A stream processing program consists of sources, nodes/operators, and sinks that are connected by data streams. Sources either read data from external components or generate data themselves. Sinks are responsible for outputting data – to the screen, to files, or to external systems. Operators have at least one input to which a data stream is connected.

One popular form of stream processing known as distributed stateful stream processing opens up almost infinite possibilities for developing complex business logic, analysis processes, and even complete applications. Several open source frameworks offer support for distributed stateful stream processing, which means developers can explore the possibilities of this powerful technique without worrying about underlying network layers or even process synchronization. Adopting an existing framework also lets you take advantage of built-in fault tolerance.

Stream processing Terms

To understand stateful stream processing, imagine the following scenario: A major video-streaming provider has thousands of movies on offer. It is almost impossible for the user to browse through them all to find the right movie that suits the user's preferences and current mood. Therefore, the provider wants to send each user a few personalized suggestions. After the user has browsed the offering for several weeks, the streaming provider can anticipate which movies or series the customer likes. The provider looks at all the suggestions it has made, how the customer continues to browse these offers, and which video the customer watches. This information is available to the provider in two separate data streams: Impressions (suggestions shown) and Plays (video playback). If you look more closely at the data streams for this task, you can derive an architecture like the one shown in Figure 1, which reads the streams, performs further processing, then finally merges the streams to achieve the desired result, which is new recommendations for the reader based on the analysis of past behavior.

Figure 1: Logical data flowchart for a stream-processing application that analyzes and determines the displayed video suggestions (Impressions) that guide a user to a video playback decision (Plays).

Data Stream

A data stream is basically a sequence of data or events. Some definitions distinguish between binary data streams, which occur in music or video data processing, and event data streams, which are discussed in this article. An event in this context is a request that can be considered separately from all others. Event data streams are the model used by typical stream processing frameworks.

A network channel is a data stream that can be read block by block or byte by byte. You could also define a data stream for a network channel in terms of its logical structure – for example, into individual HTTP requests.

A closer look at event data streams reveals some additional details. First of all, each data stream is naturally unlimited: If you read at a certain position in the imaginary data stream, you do not know how many more events exist. If the data stream is cached in some way, there is often the possibility to shift this reading position and thus jump back into the past. But what lies in the future is unknown at the current time. To a certain extent, delimited data streams – data streams with a defined beginning and end – constitute a special case of this general view. Such data streams are typically created when someone artificially splits up an unlimited data stream to process events en bloc. An example could be the logfiles from one day or all the entries for one day. Working with limited data streams is typically referred to as batch processing.

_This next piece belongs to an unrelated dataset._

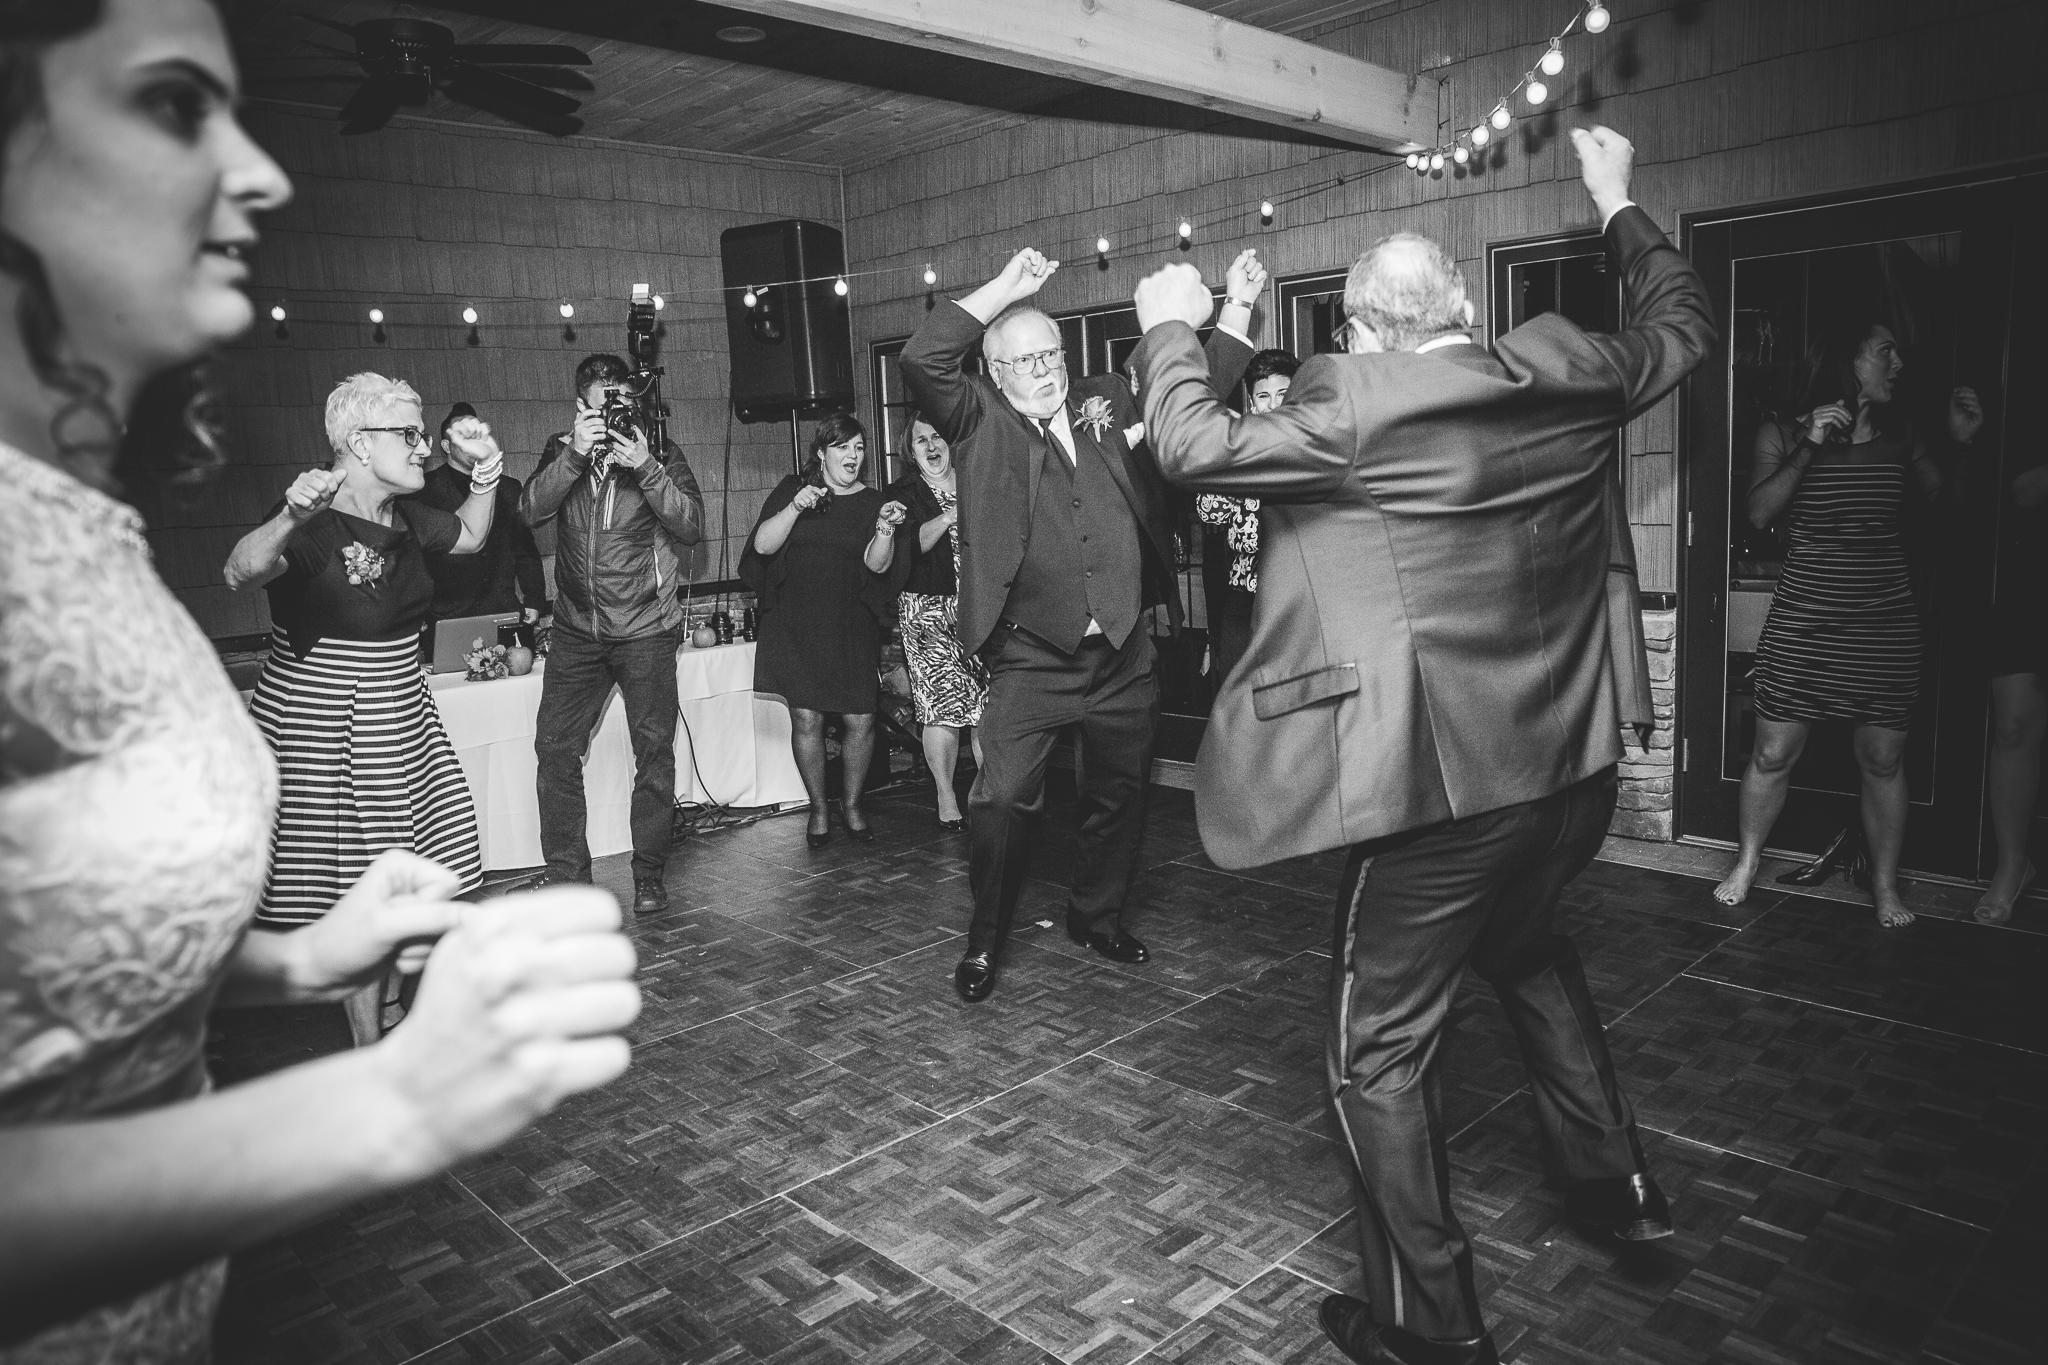 camuglia-whomstudio-chelsea_and_andy-nycphotographer-wedding-brooklyn-buffalo-timberlodge-144-0912.jpg

In the video-streaming scenario described earlier in this article, two source data streams have to be processed: Impressions and Plays. The two are completely independent of each other, and they are separately populated with events by different apps or web services. The events can take different routes on their way to the sources of the application in external and probably also distributed systems (e.g., through load balancing or server failure). They thus arrive with a time delay – an effect that must also be taken into account within a distributed application.

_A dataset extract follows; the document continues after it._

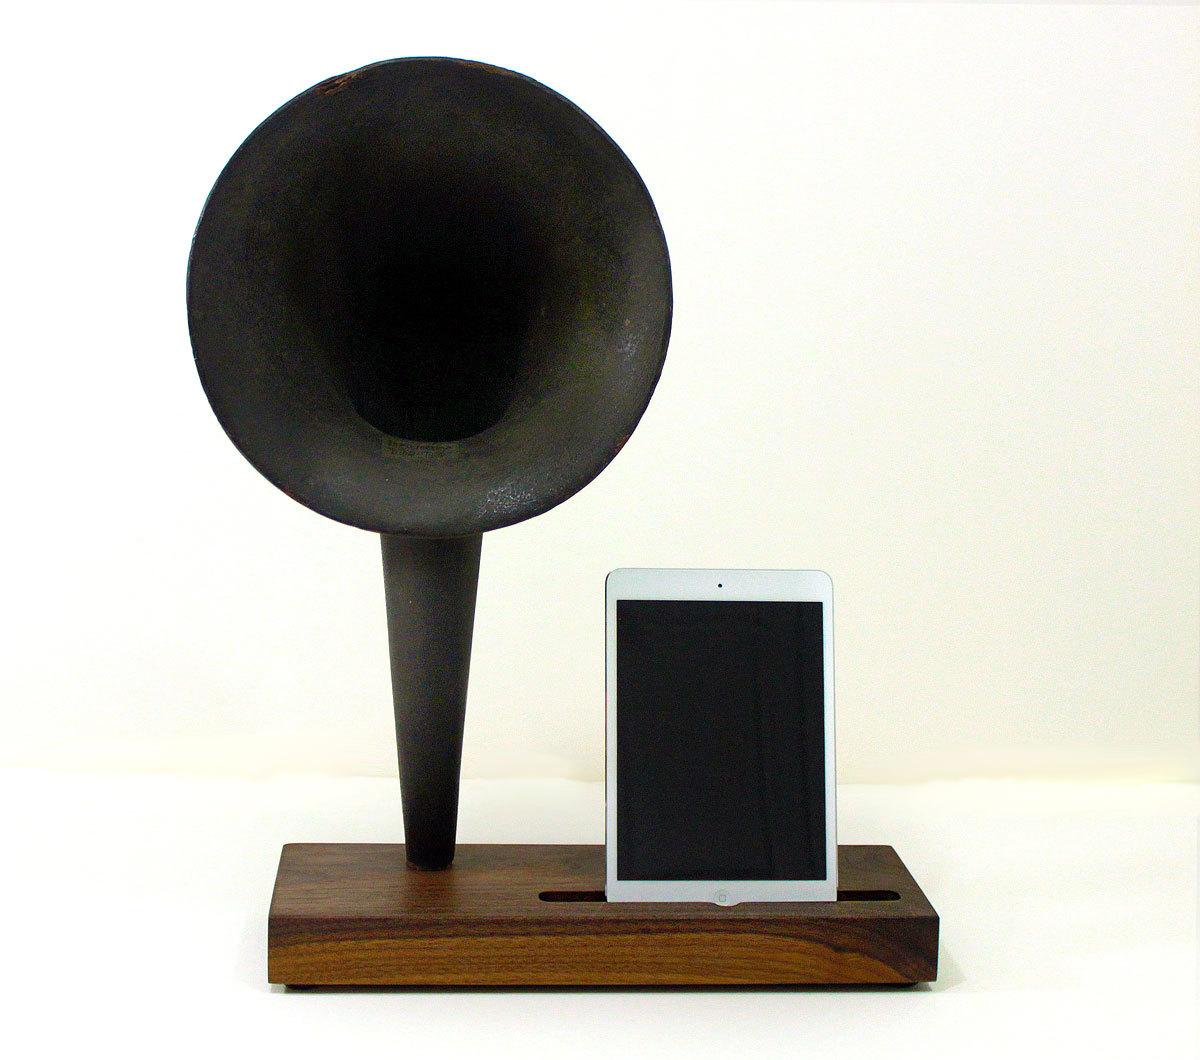 accessori-creativi-iphone-ipad-kindle-laptop-03

Figure 2 shows a more complex physical execution plan for the application shown in Figure 1. The figure shows two parallel instances of sources and operators – and one instance as the data sink. Different connection patterns link these instances, including simple forwarding from one source to a downstream operator or more complex partitioning patterns between Map and Join operators. Partitioning the data stream is necessary to assign all display events associated with a user to playback events. If we can ensure that all events are always processed by a user on the same Join instance, you can easily parallelize the computational work.

Figure 2: Physical execution plan for the stream-processing application in Figure 1 with two parallel instances of each source and operator, but only one sink.


The assignment of display events to playback events should ideally reconstruct all display events before the time of playback exactly as the user has seen them on their end device. But that's easier said than done: An initial simple solution could be for all display events to be cached in the Join and whenever playback occurs, for all associated display events to be searched for and then output. Although this sounds logical, it unfortunately leads to wrong results in the general case.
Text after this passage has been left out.